许愿旋即反驳:“我的愿望为什么要跟他有关?他跟我有什么关系?”

    她话音刚落,几个舍友互相对视几眼,而后心照不宣地笑。

    “你们笑什么?”许愿莫名其妙:“我说的就是事实啊。”

    “嗯,是事实。”张琳含糊不清地应她,将蛋糕刀递给她:“那你赶紧切蛋糕吧。”

    “……”许愿握着蛋糕刀,一刀斩下去,越想心里越觉得不对,嗔怒道:“你们就是不相信对不对!”

    “是啊,不相信。”孙语菲递给她蛋糕盘,等她装好后接过递给另一个舍友:“这开学都几个月了,你跟人家池叙一起吃饭一起放学,是个傻子都会觉得有问题。”
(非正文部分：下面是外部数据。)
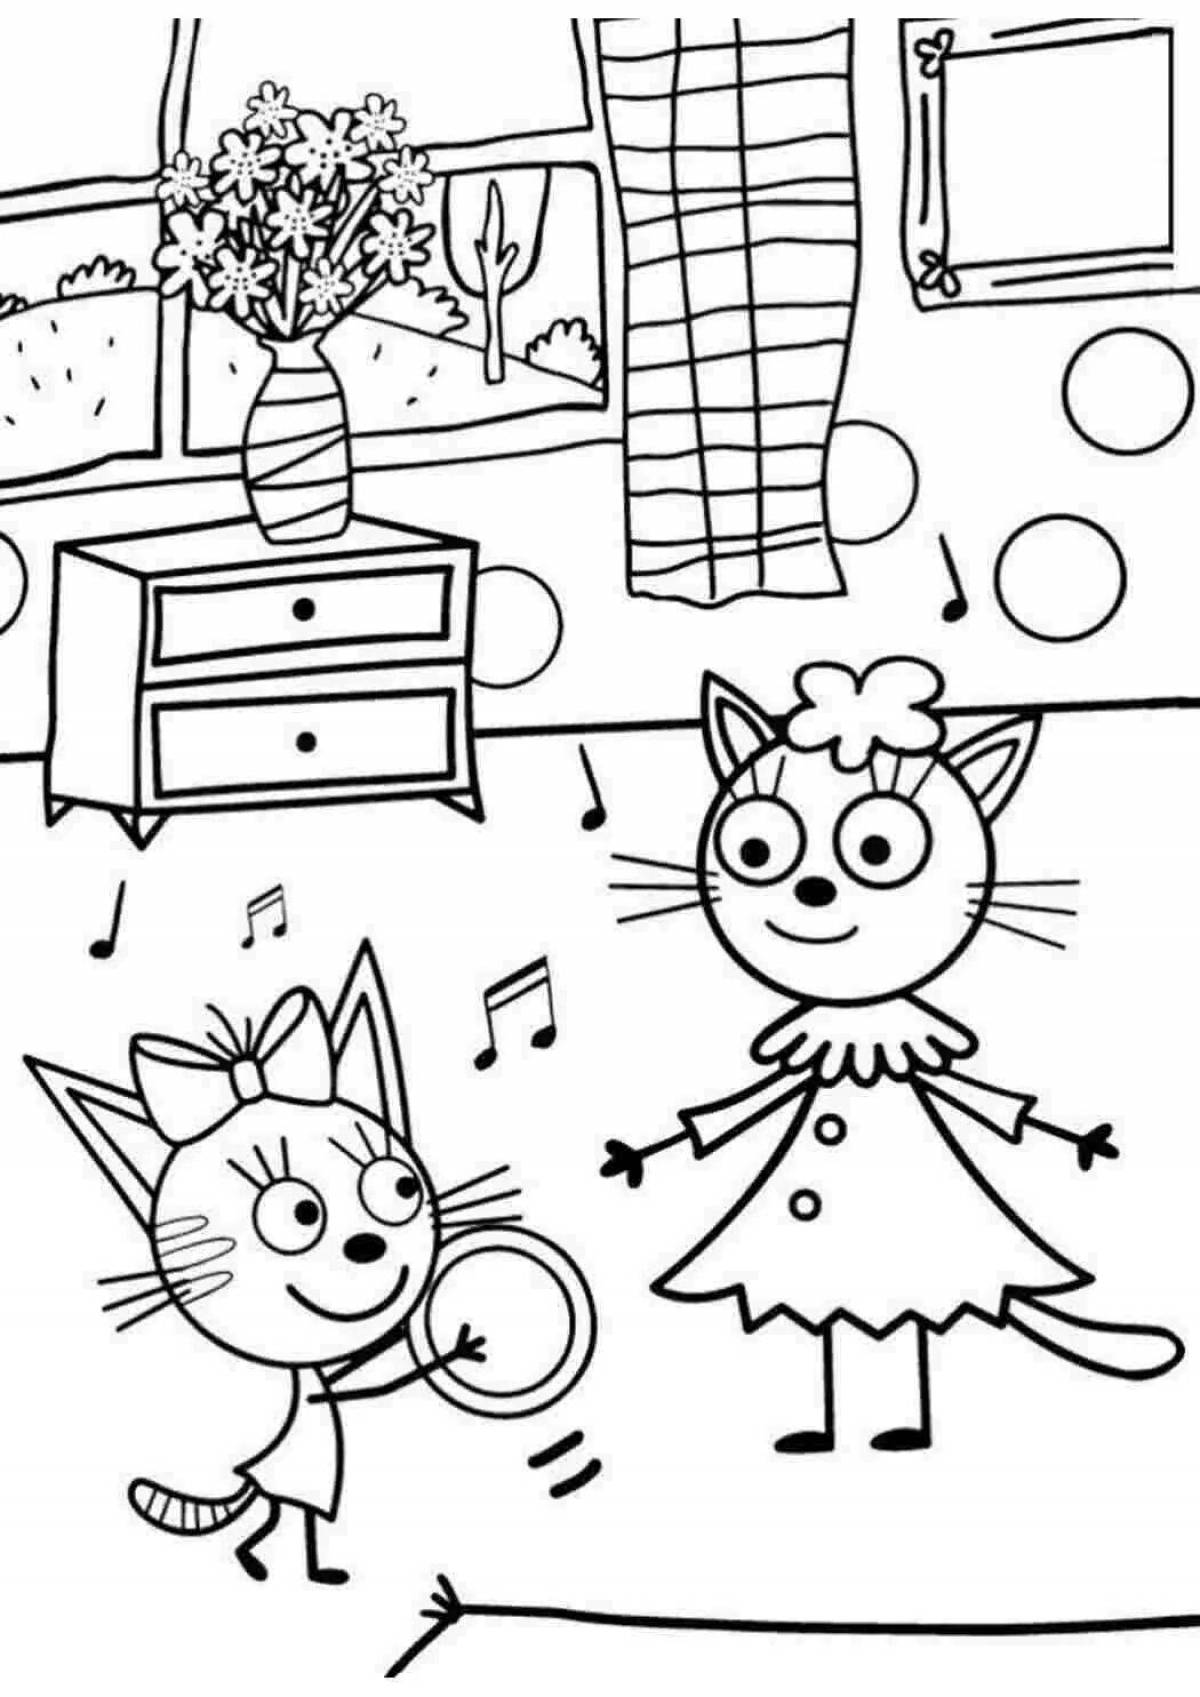 Funny three cats cartoon coloring book

    “我之前也有跟李哲源吃饭,怎么不见你们说我跟李哲源?”许愿瞥了她一眼。

    “那不一样。”听见‘李哲源’三个字,孙语菲一直平静的表情终于有了一丝变化:“先不说你跟他是不是还有个朋友,三个人一块儿玩的。”

    “众所周知。”她放下蛋糕盘子,语气特别理直气壮:“他现在是我的了。”

    许愿:“……”

    “没有!!!”许愿有点儿崩溃:“我现在对这种事情真没什么想法,而且我跟他怎么看都不像情侣好不好?”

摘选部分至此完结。